YOUR ASSIGNMENT: From the first line to the last, give the material again exactly, without the images.

RAW DATA:
------------------------

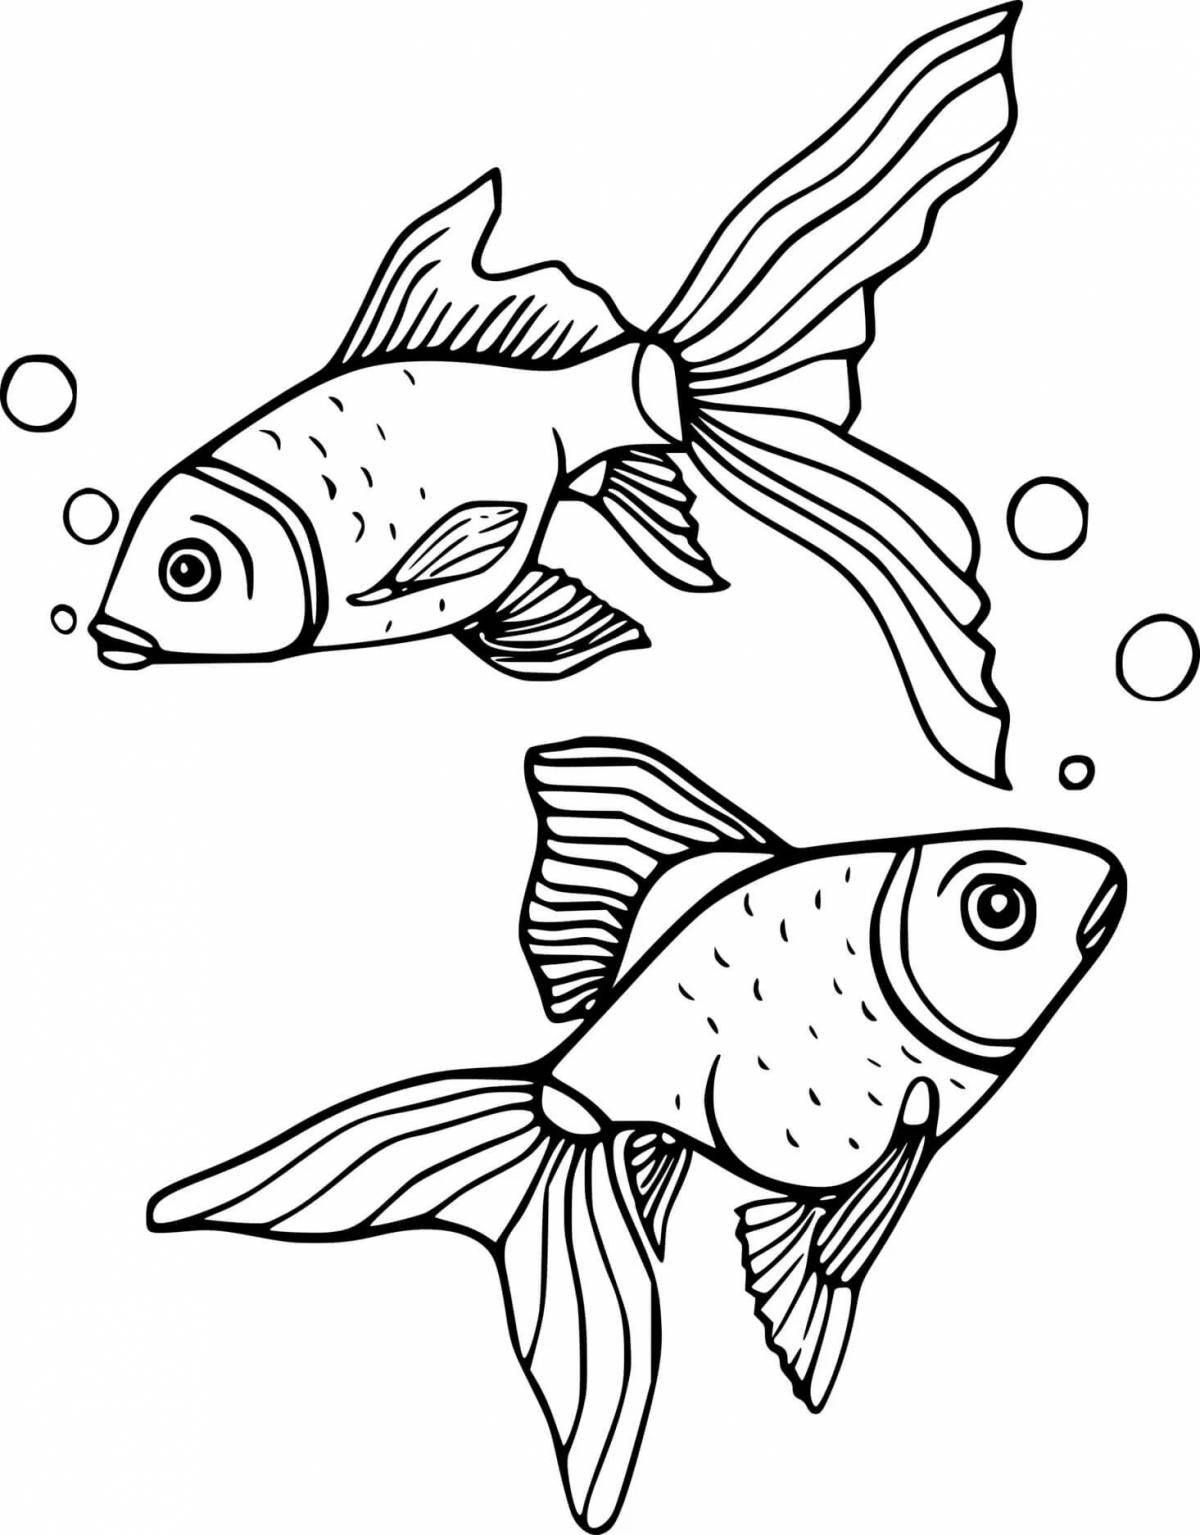 Funny aquarium fish coloring pages for kids
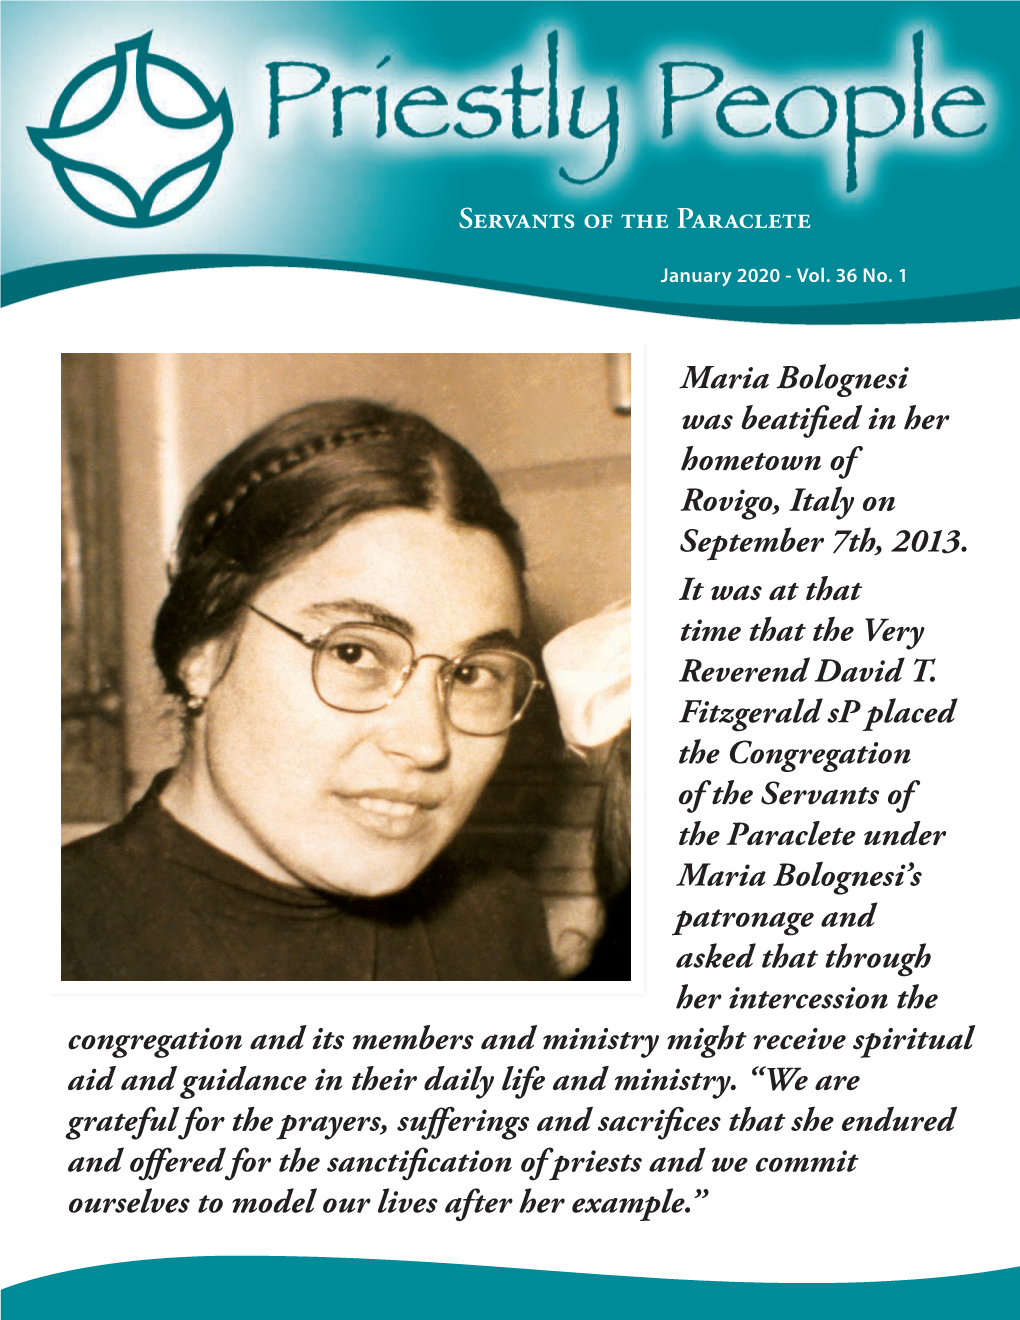 Maria Bolognesi Was Beatified in Her Hometown of Rovigo, Italy on September 7Th, 2013
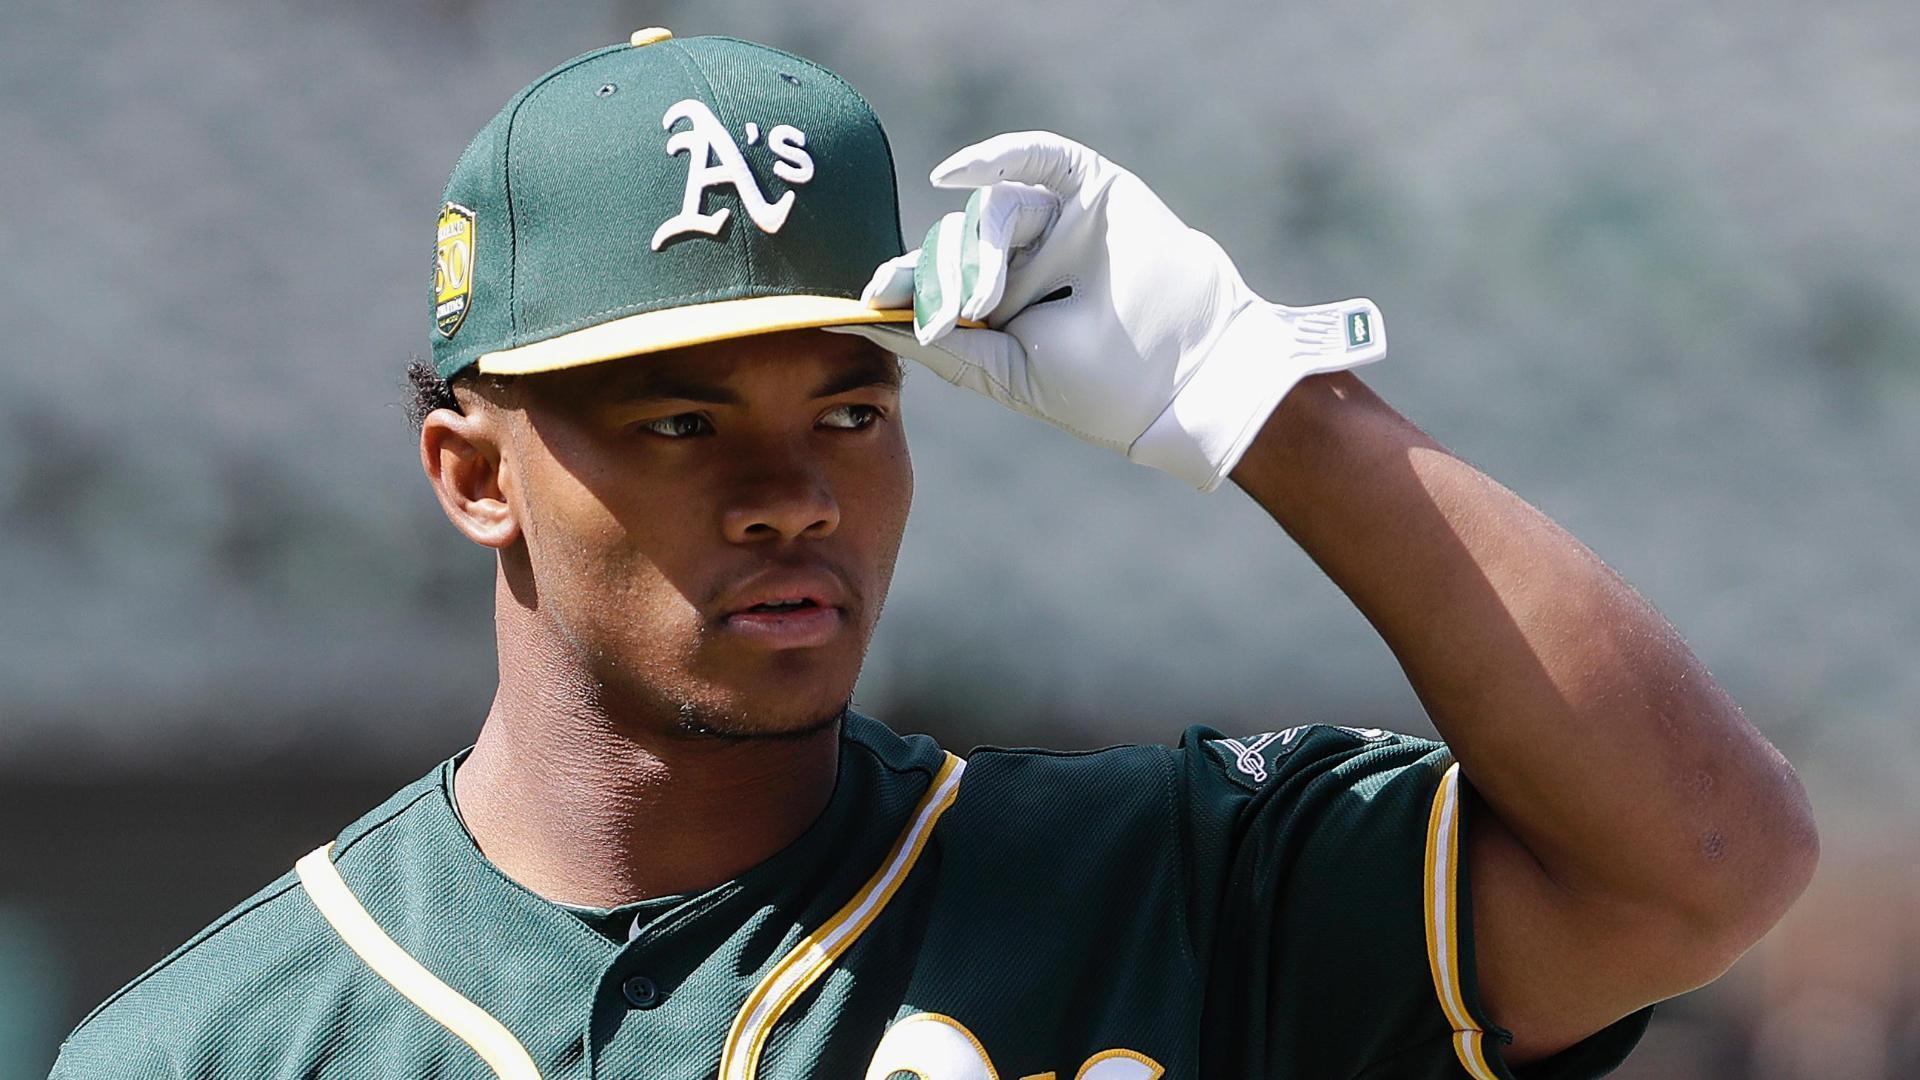 Why Kyler Murray projected better at baseball than other NFL players
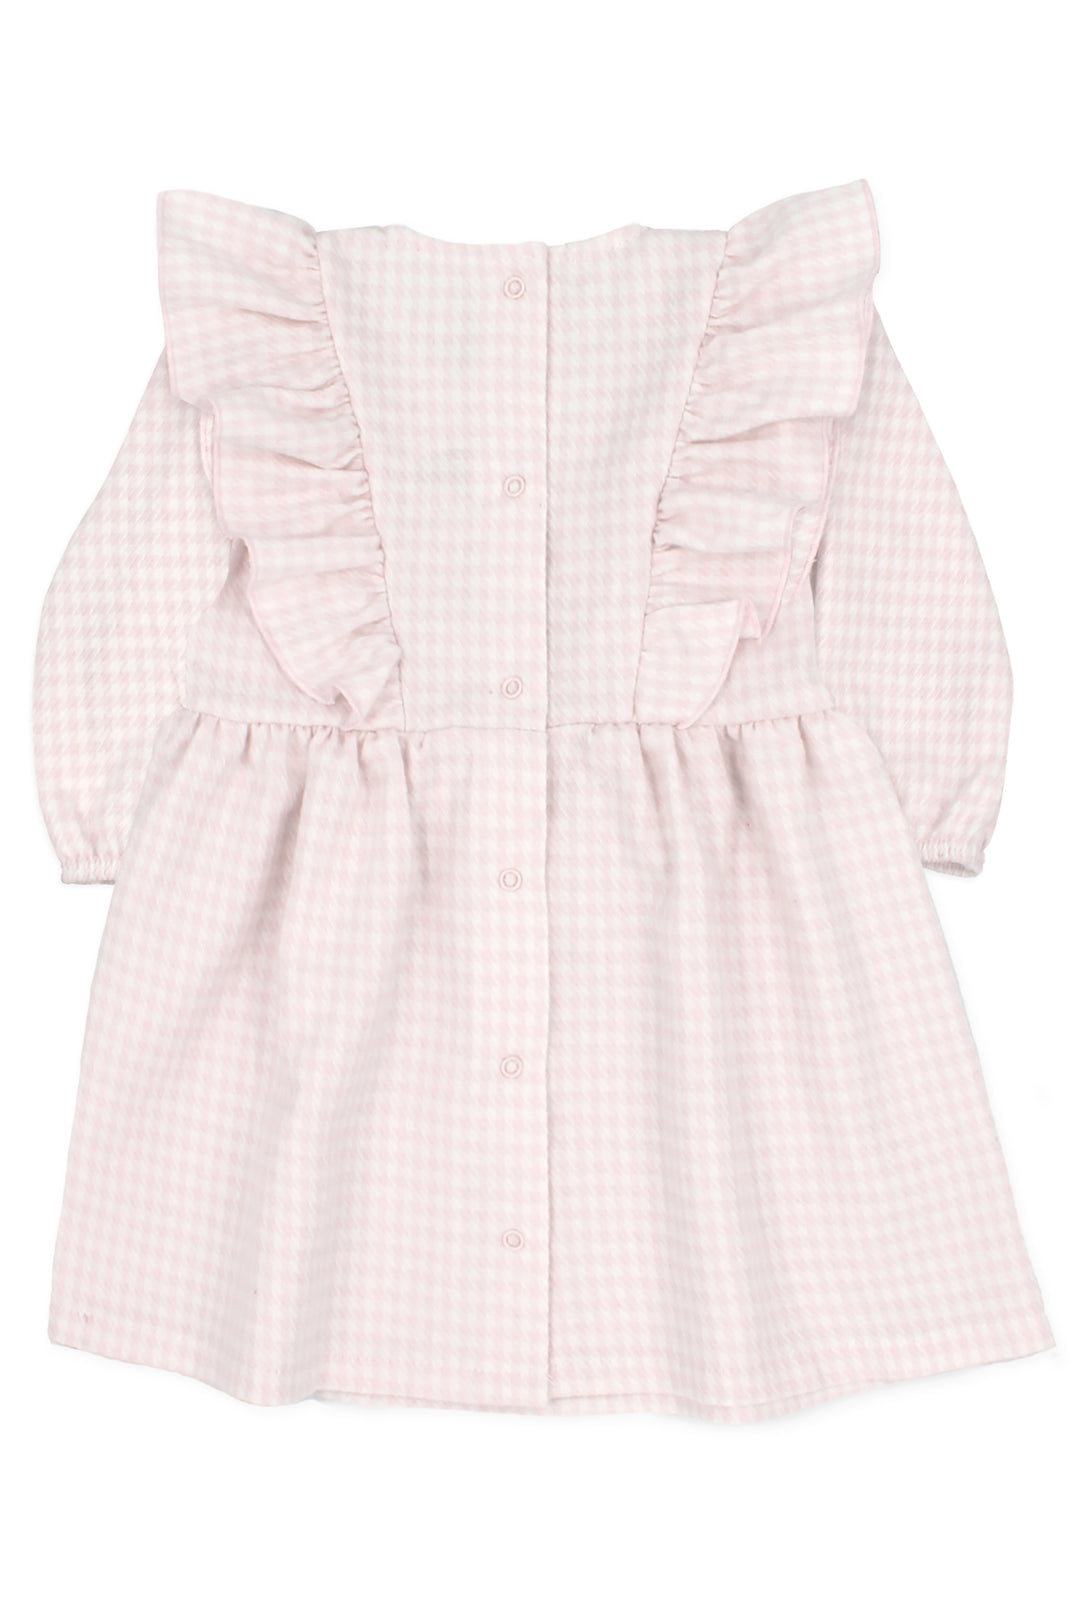 Rapife "Coraline" Pink Houndstooth Dress | Millie and John

------------------------

OUTPUT FOR THIS EXERCISE:
 Funny aquarium fish coloring pages for kids
 Maria Bolognesi Was Beatified in Her Hometown of Rovigo, Italy on September 7Th, 2013
 Why Kyler Murray projected better at baseball than other NFL players
 Rapife "Coraline" Pink Houndstooth Dress | Millie and John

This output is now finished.